Joining Data with dplyr in R
inner_join
按条件取交集dplyr高效处理函数笔记
The inner_join is the key to bring tables together. To use it, you need to provide the two tables that must be joined and the columns on which they should be joined.
> # Use the suffix argument to replace .x and .y suffixes
> parts %>%
inner_join(part_categories, by = c("part_cat_id" = "id"), suffix = c("_part", "_category"))
# A tibble: 17,501 x 4
part_num name_part part_cat_id name_category
<chr> <chr> <dbl> <chr>
1 0901 Baseplate 16 x 30 with Set 080 Yello~ 1 Baseplates
2 0902 Baseplate 16 x 24 with Set 080 Small~ 1 Baseplates
3 0903 Baseplate 16 x 24 with Set 080 Red H~ 1 Baseplates
4 0904 Baseplate 16 x 24 with Set 080 Large~ 1 Baseplates
5 1 Homemaker Bookcase 2 x 4 x 4 7 Containers
6 10016414 Sticker Sheet #1 for 41055-1 58 Stickers
7 10026stk01 Sticker for Set 10026 - (44942/41841~ 58 Stickers
8 10039 Pullback Motor 8 x 4 x 2/3 44 Mechanical
9 10048 Minifig Hair Tousled 65 Minifig Headwear
10 10049 Minifig Shield Broad with Spiked Bot~ 27 Minifig Accesso~
# ... with 17,491 more rows
> # Combine the parts and inventory_parts tables
> inventory_parts %>%
inner_join(parts, by = "part_num")
# A tibble: 258,958 x 6
inventory_id part_num color_id quantity name part_cat_id
<dbl> <chr> <dbl> <dbl> <chr> <dbl>
1 21 3009 7 50 Brick 1 x 6 11
2 25 21019c00pa~ 15 1 Legs and Hips with Bl~ 61
3 25 24629pr0002 78 1 Minifig Head Special ~ 59
4 25 24634pr0001 5 1 Headwear Accessory Bo~ 27
5 25 24782pr0001 5 1 Minifig Hipwear Skirt~ 27
6 25 88646 0 1 Tile Special 4 x 3 wi~ 15
7 25 973pr3314c~ 5 1 Torso with 1 White Bu~ 60
8 26 14226c11 0 3 String with End Studs~ 31
9 26 2340px2 15 1 Tail 4 x 1 x 3 with '~ 35
10 26 2340px3 15 1 Tail 4 x 1 x 3 with '~ 35
# ... with 258,948 more rows
Joining three tables
sets %>%
# Add inventories using an inner join
inner_join(inventories, by = "set_num") %>%
# Add inventory_parts using an inner join 一般这种情况是因为两个表的列名不同导致的
inner_join(inventory_parts, by = c("id" = "inventory_id"))
left_join
取第一个参数全部的值以及第二个参数与第一个参数的交集部分
匹配左边的表
return all rows from x, and all columns from x and y.
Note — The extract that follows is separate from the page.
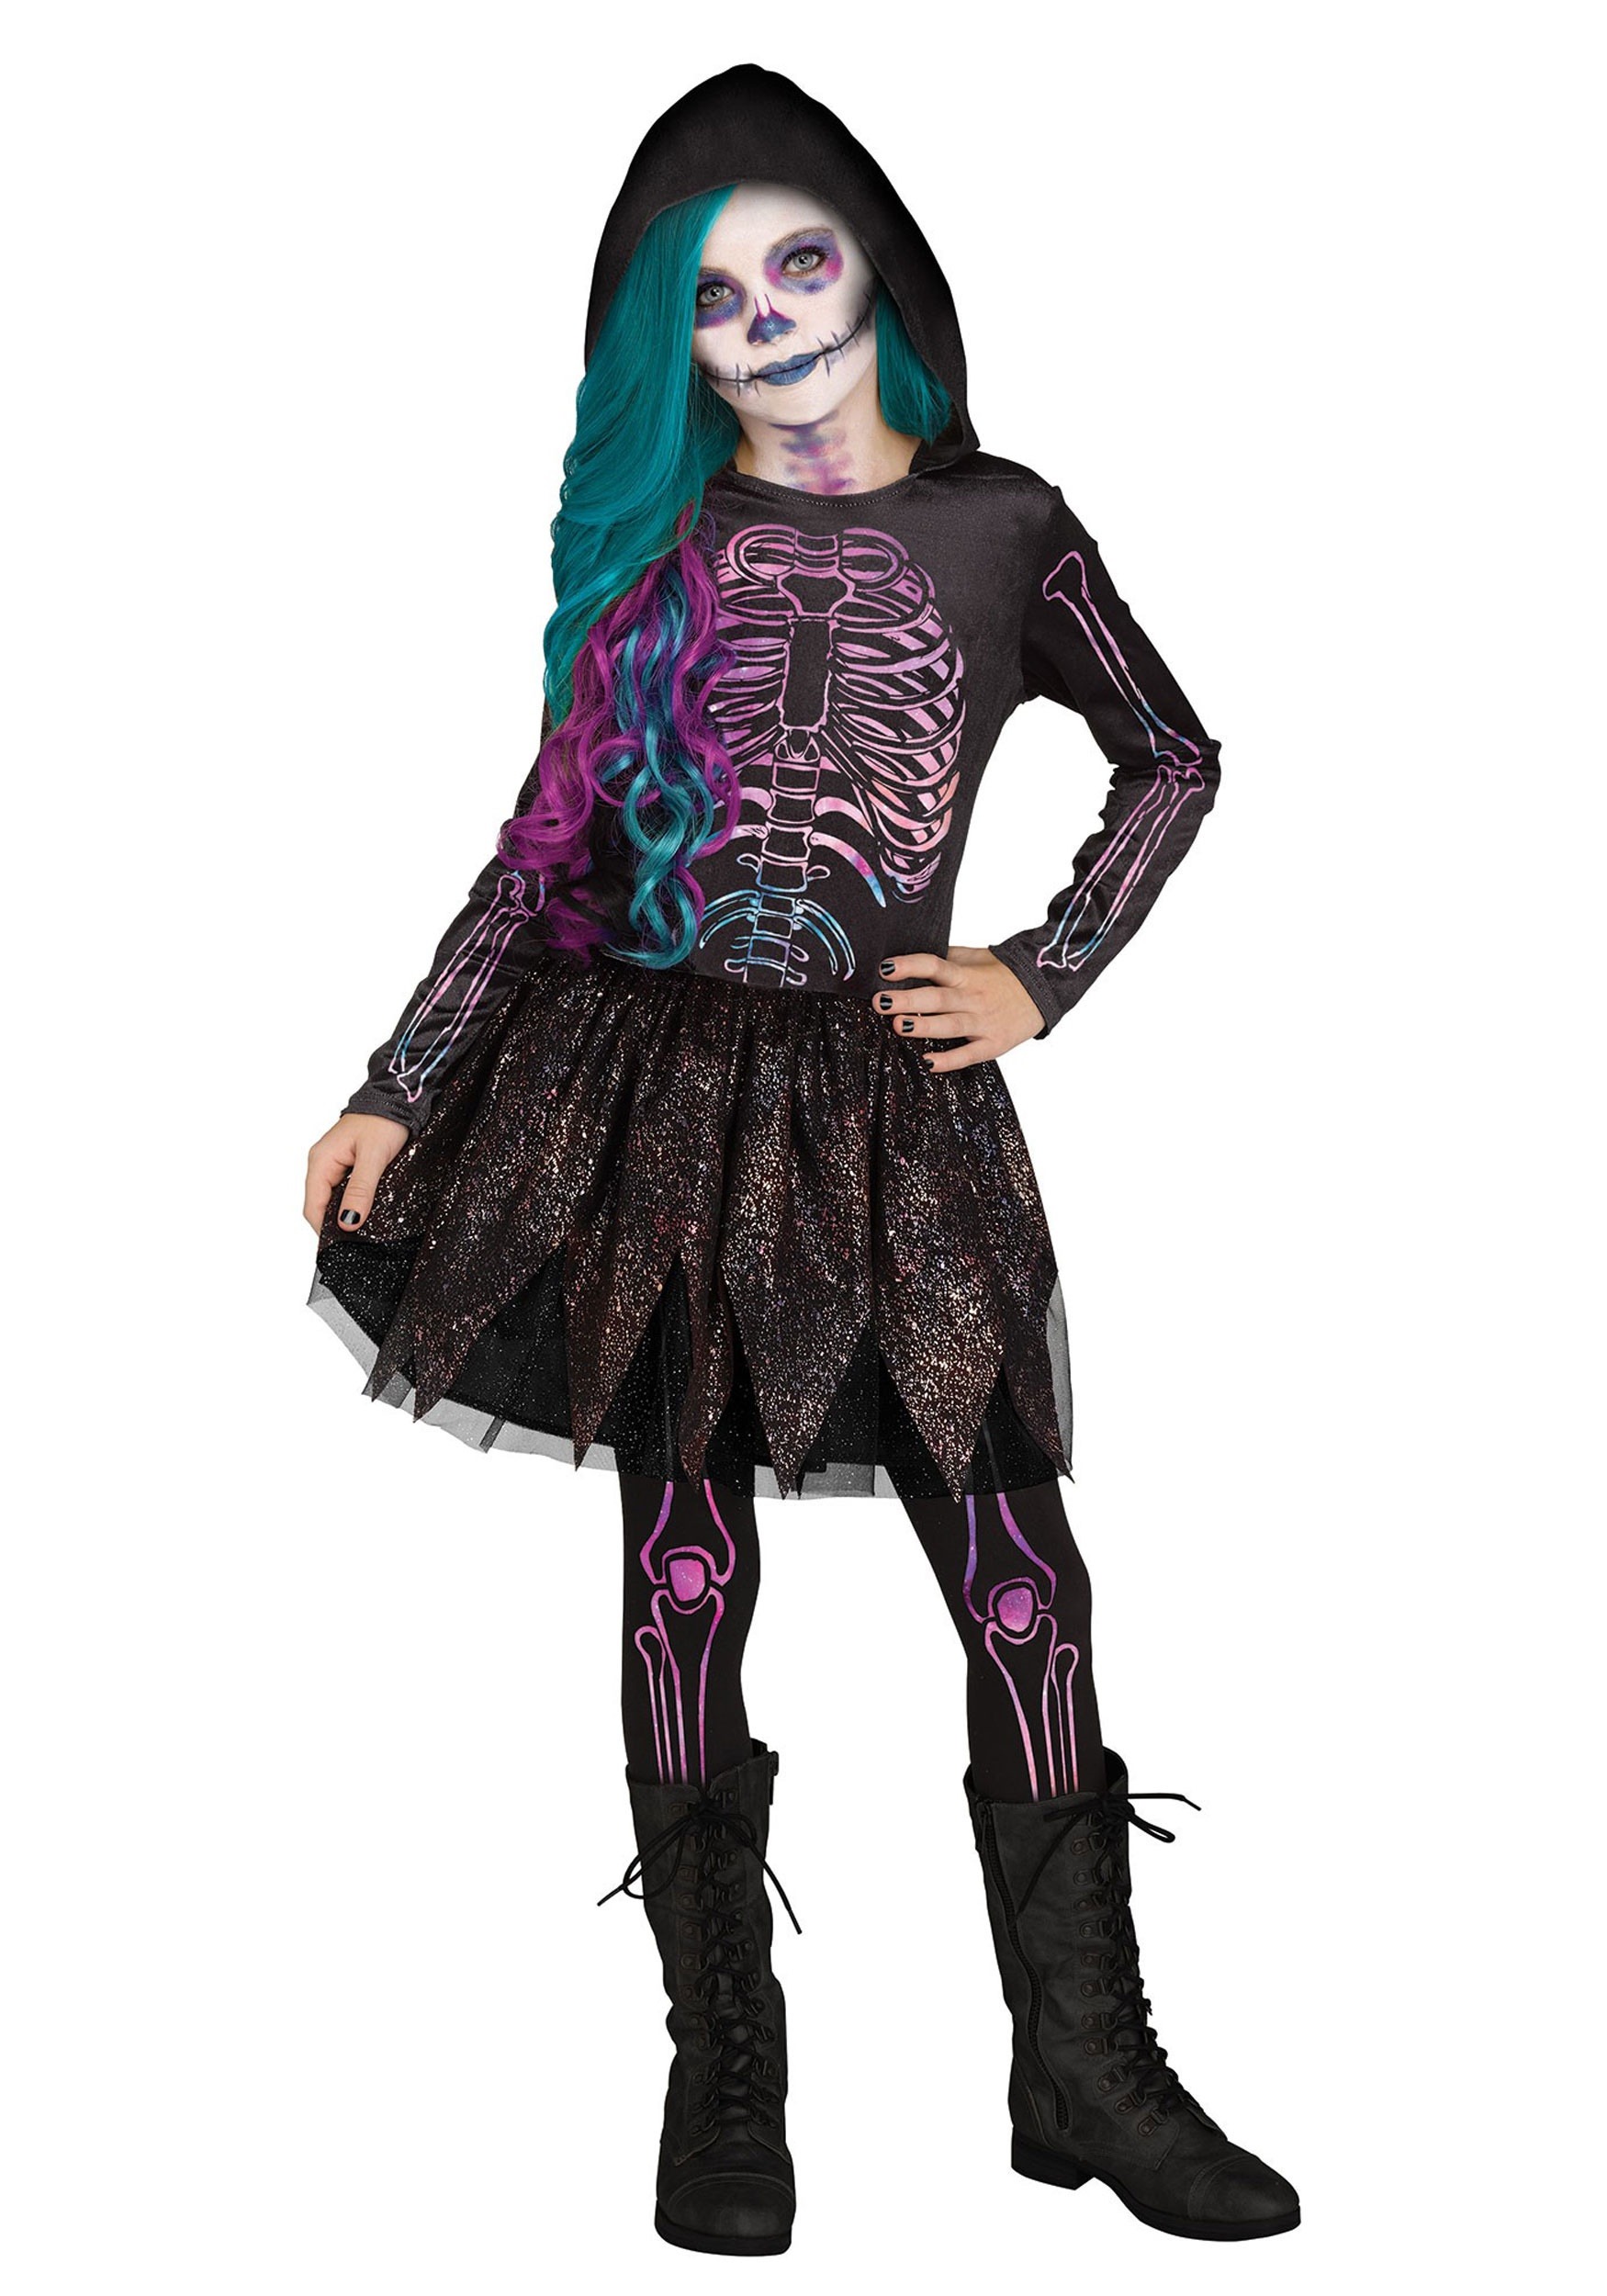 Photos - Fancy Dress Galaxy Fun World  Skeleton Girl's Costume Black/Purple FU112732 
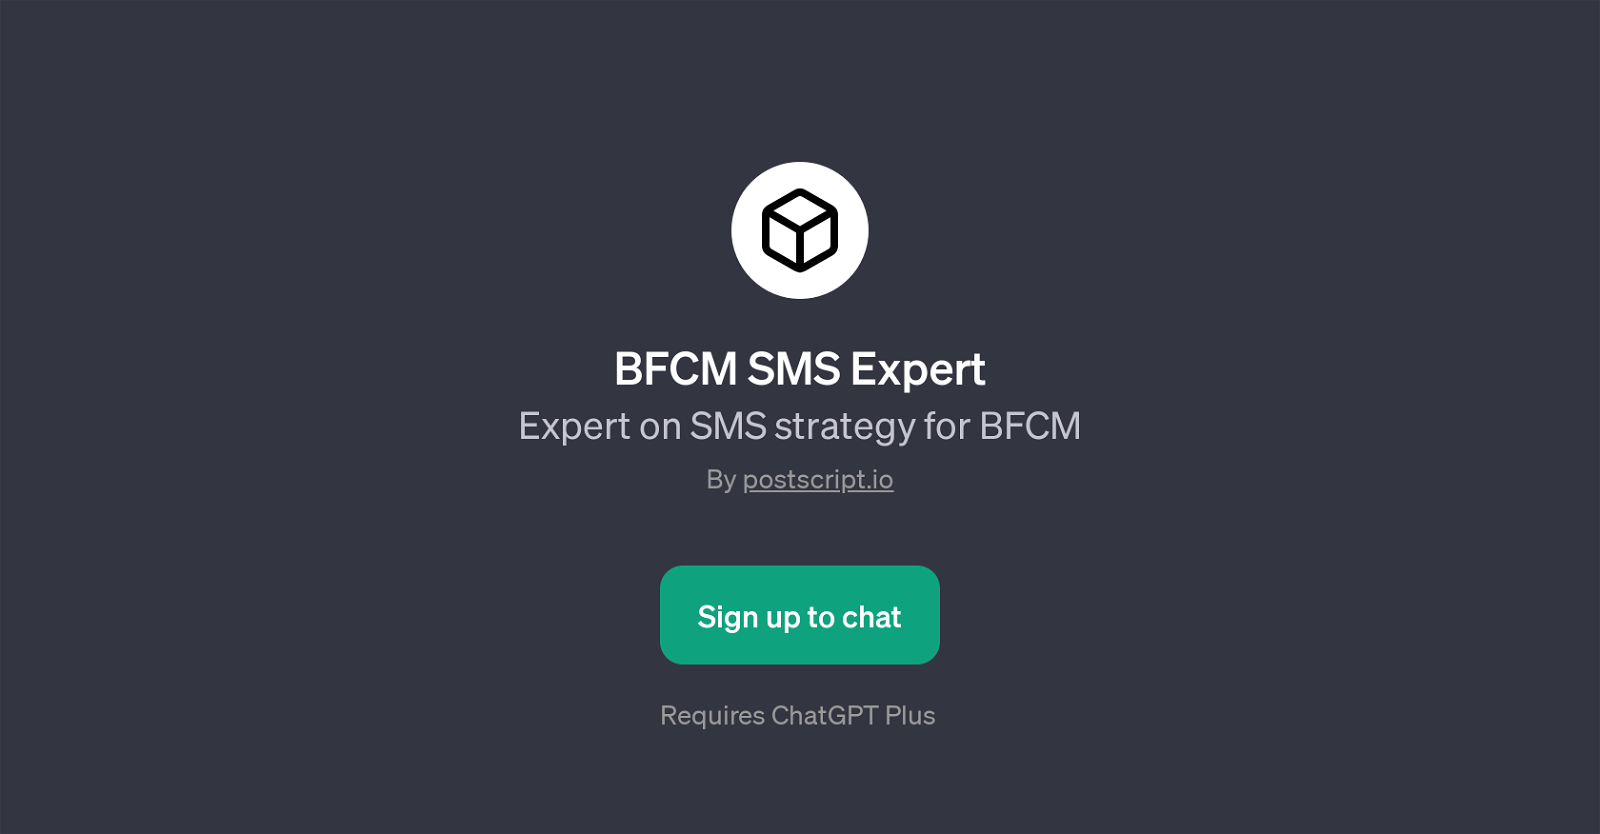 BFCM SMS Expert website

Rows in x with no match in y will have NA values in the new columns. If there are multiple matches between x and y, all combinations of the matches are returned.
# Combine the star_destroyer and millennium_falcon tables
millennium_falcon %>%
left_join(star_destroyer, by = c("part_num", "color_id"), suffix = c("_falcon", "_star_destroyer"))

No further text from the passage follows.